FRISCO, Texas –It feels unusual to question one of the most rock-solid aspects of this Cowboys roster, but it's hard not to wonder about Tyron Smith heading into 2018.
It speaks to Smith's remarkable talent that he was named to his fifth Pro Bowl in 2017, despite battling a litany of injuries that forced him to miss three games – not to mention plenty of practice time.
According to team executive vice president Stephen Jones, though, the Cowboys don't expect Smith's problems to be a long-term issue.
"I think a good offseason here of getting it to where it needs to be, I think we can count – the thing I understand is we can count on Tyron being back to normal and good to go next year," Jones said.
The Cowboys have to be hoping that's the case, given Smith's recent injury history. The California is remarkably young, having just turned 27 despite the fact that he just completed his seventh NFL season.
But this isn't his first fight against injuries. Back problems forced him to miss two games in 2016, and the Cowboys were hopeful he'd battled through those issues – right up until training camp his past summer.
"He has had some different things over the last couple of years that he's dealt with," said Cowboys coach Jason Garrett. "We don't necessarily see it as a trend. He's still a young player. He's played a lot of snaps, but physically he seems to be in good shape beyond the specific injuries that he's had."
All things considered, it's impressive that Smith even played as much as he did, due to the problems he was facing. His back pain began rearing its head all the way back during training camp, and he practiced on a limited regimen for much of the early part of the season.
It was a groin strain that eventually sidelined him, in November, forcing him out of action against Atlanta and Philadelphia. Despite that, Jones pointed out how determined Smith was to play through the pain.

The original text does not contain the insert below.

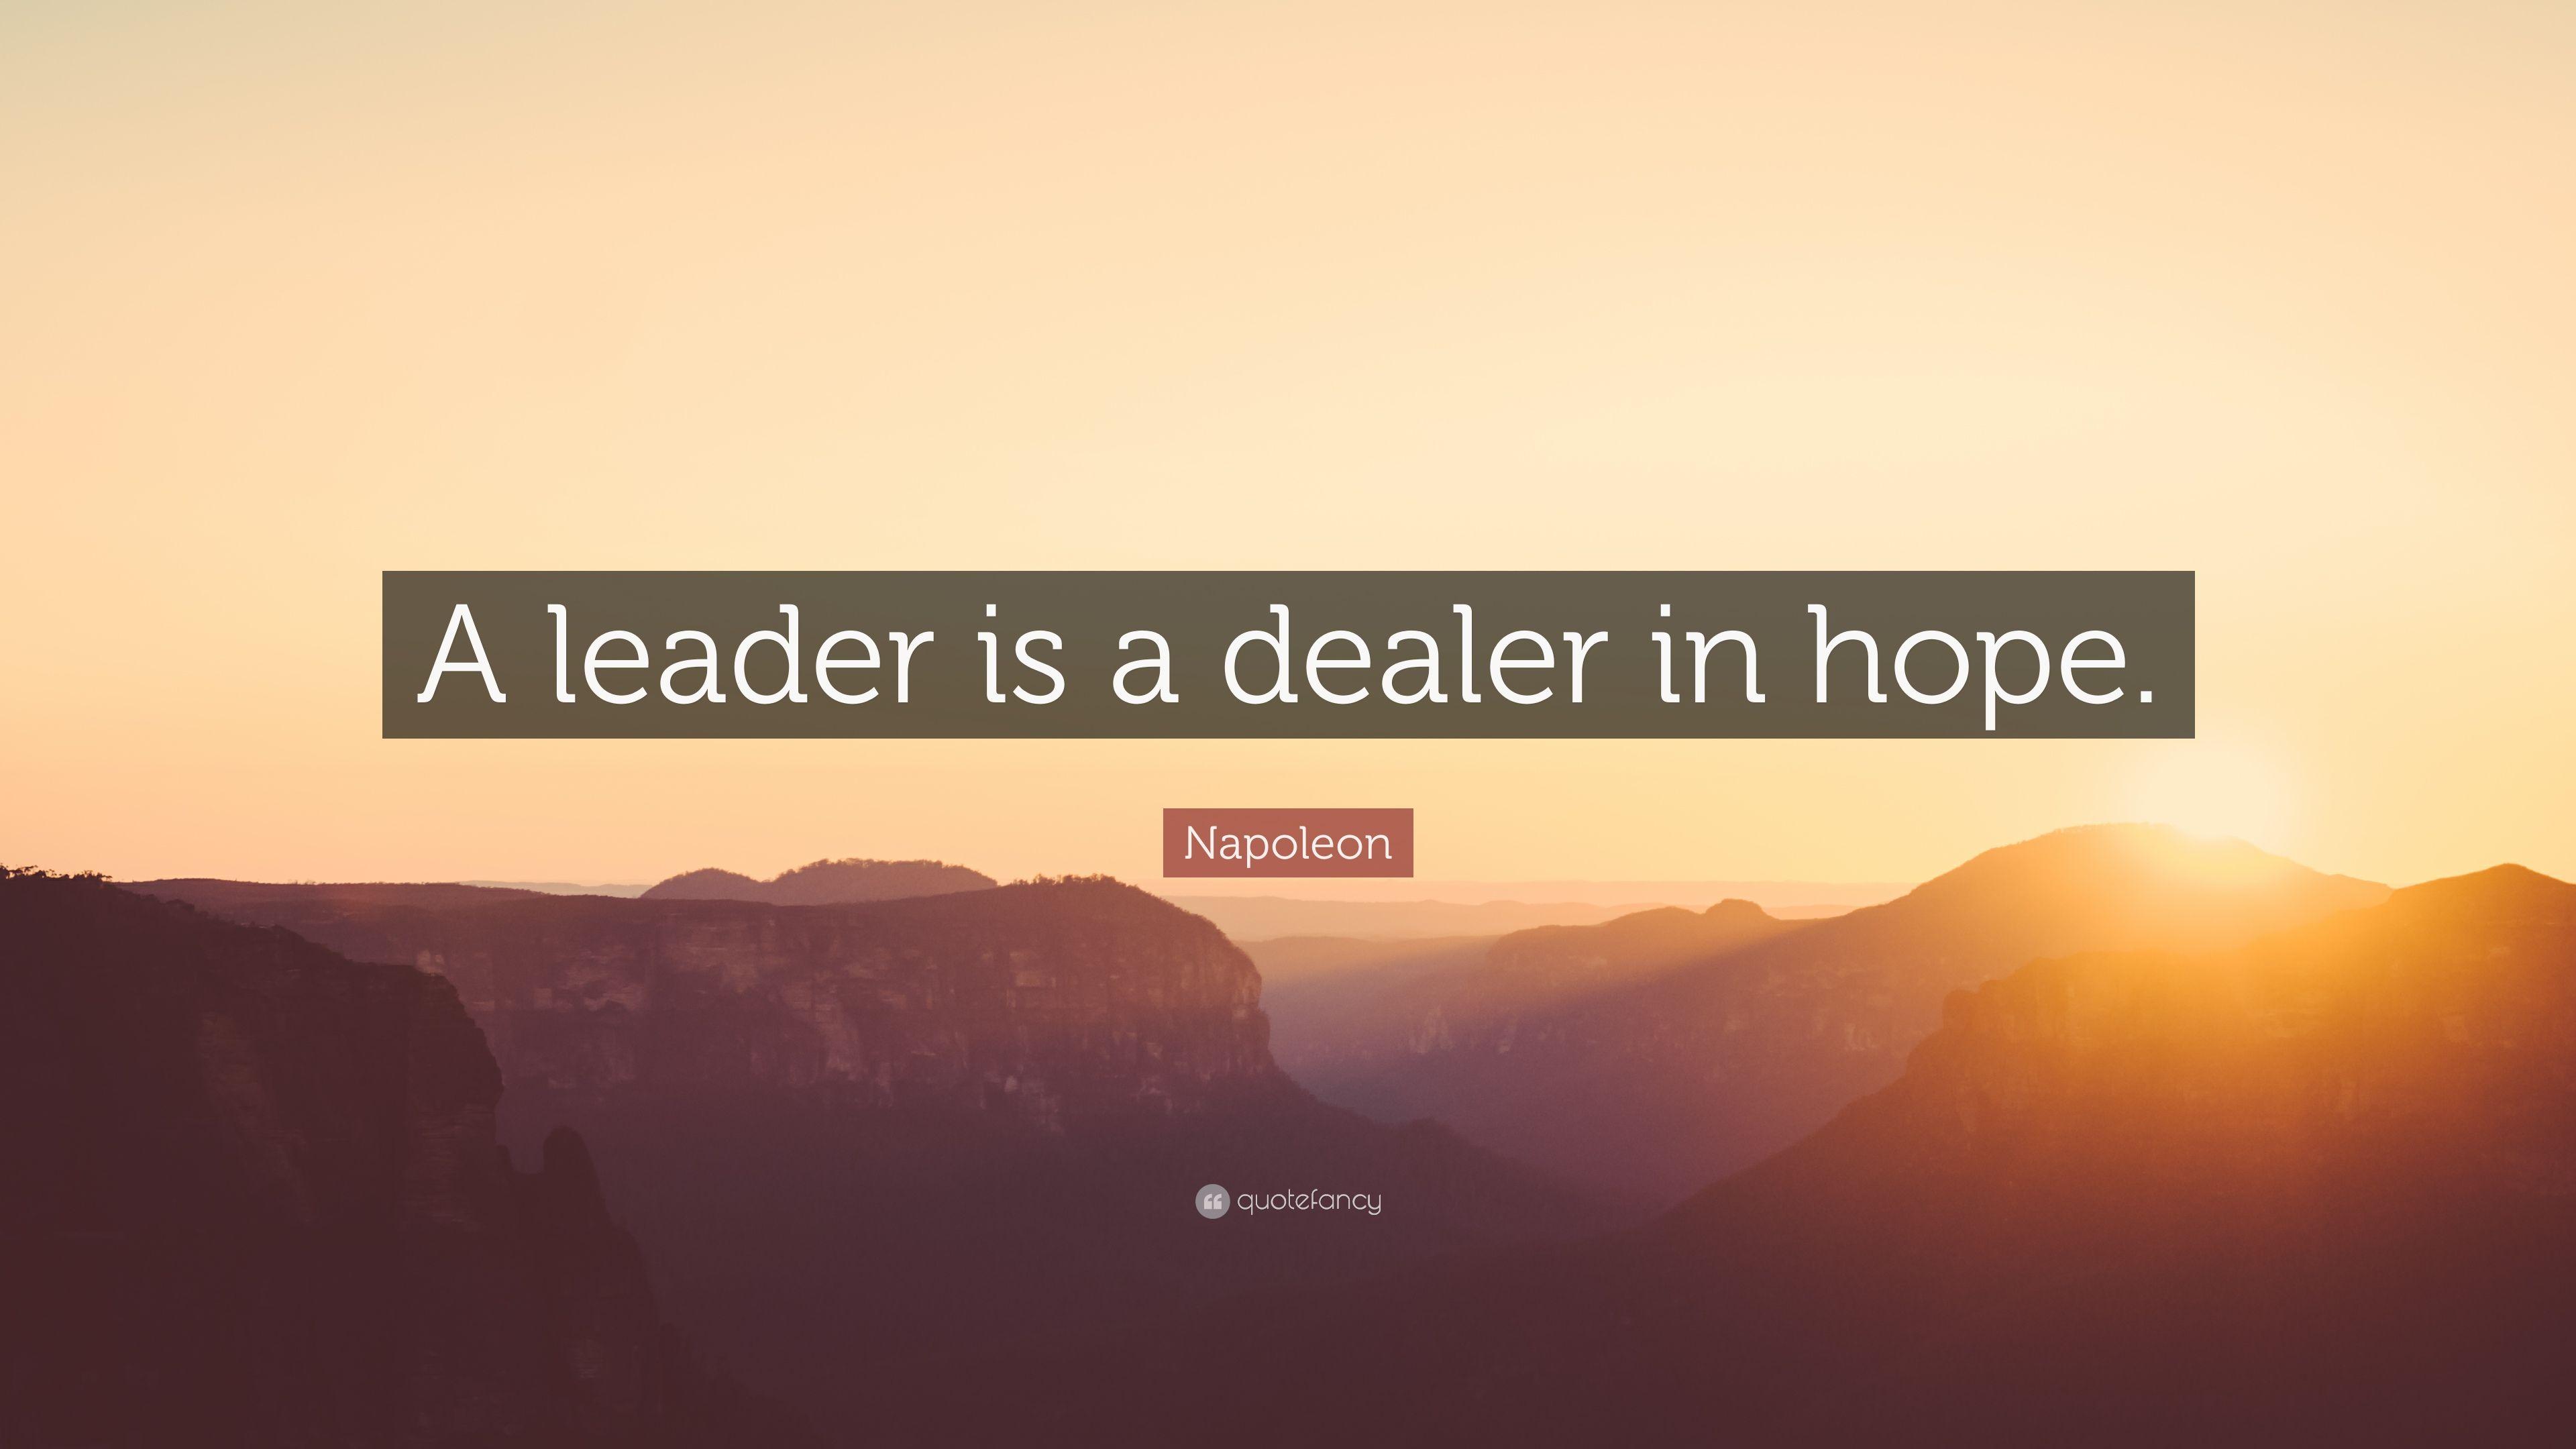 Napoleon Quote: “A leader is a dealer in hope.” 15 wallpaper

"Not unlike DeMarcus Lawrence was the year before, Tyron is so committed to this team," Jones said. "A lot of players might would've gone ahead and worked on his back and got it where it needed to be versus trying to get through each game and play each game. Certainly, D-Lawrence had done it the year before, last year, and Tyron is so committed to this team and that group of linemen out there. He was doing everything he could to get himself ready."
By the time Smith sprained his LCL in Oakland, enough was enough. He tried to fight through that injury, too, but lasted just three plays in the Christmas Eve game against Seattle.
"I do know this -- he works as hard as anybody in our building to get himself right," Garrett said. "He's had to deal with some things and he's demonstrated mental and physical toughness to get through it."
In his season-ending press conference, Garrett declined to divulge whether Smith would require surgery on any of his injuries. But he shared Jones' outlook that the All-Pro tackle should be fine in the long run.
With all of that said, two years of injuries has to prompt some conversation about the Cowboys' depth at tackle. Chaz Green was drafted in the third round in 2015 to provide depth, but his struggles during Smith's absence – particularly in the 27-7 loss to Atlanta – left a lasting impression. The Cowboys also signed Byron Bell last offseason, and he is once again set to be a free agent.
Which leaves the undeniable truth that, even as optimistic as the Cowboys might feel about Smith, you're only ever one play away from needing depth – at any position in the game.
"We do need to always look at having a third tackle in this league. Certainly Chaz will be back, and we'll see what we do with Byron," Jones said. "But you're always looking to find another young guy in the draft, and you always feel like you need eight good, solid linemen to get through a season. So we'll certainly be looking at that."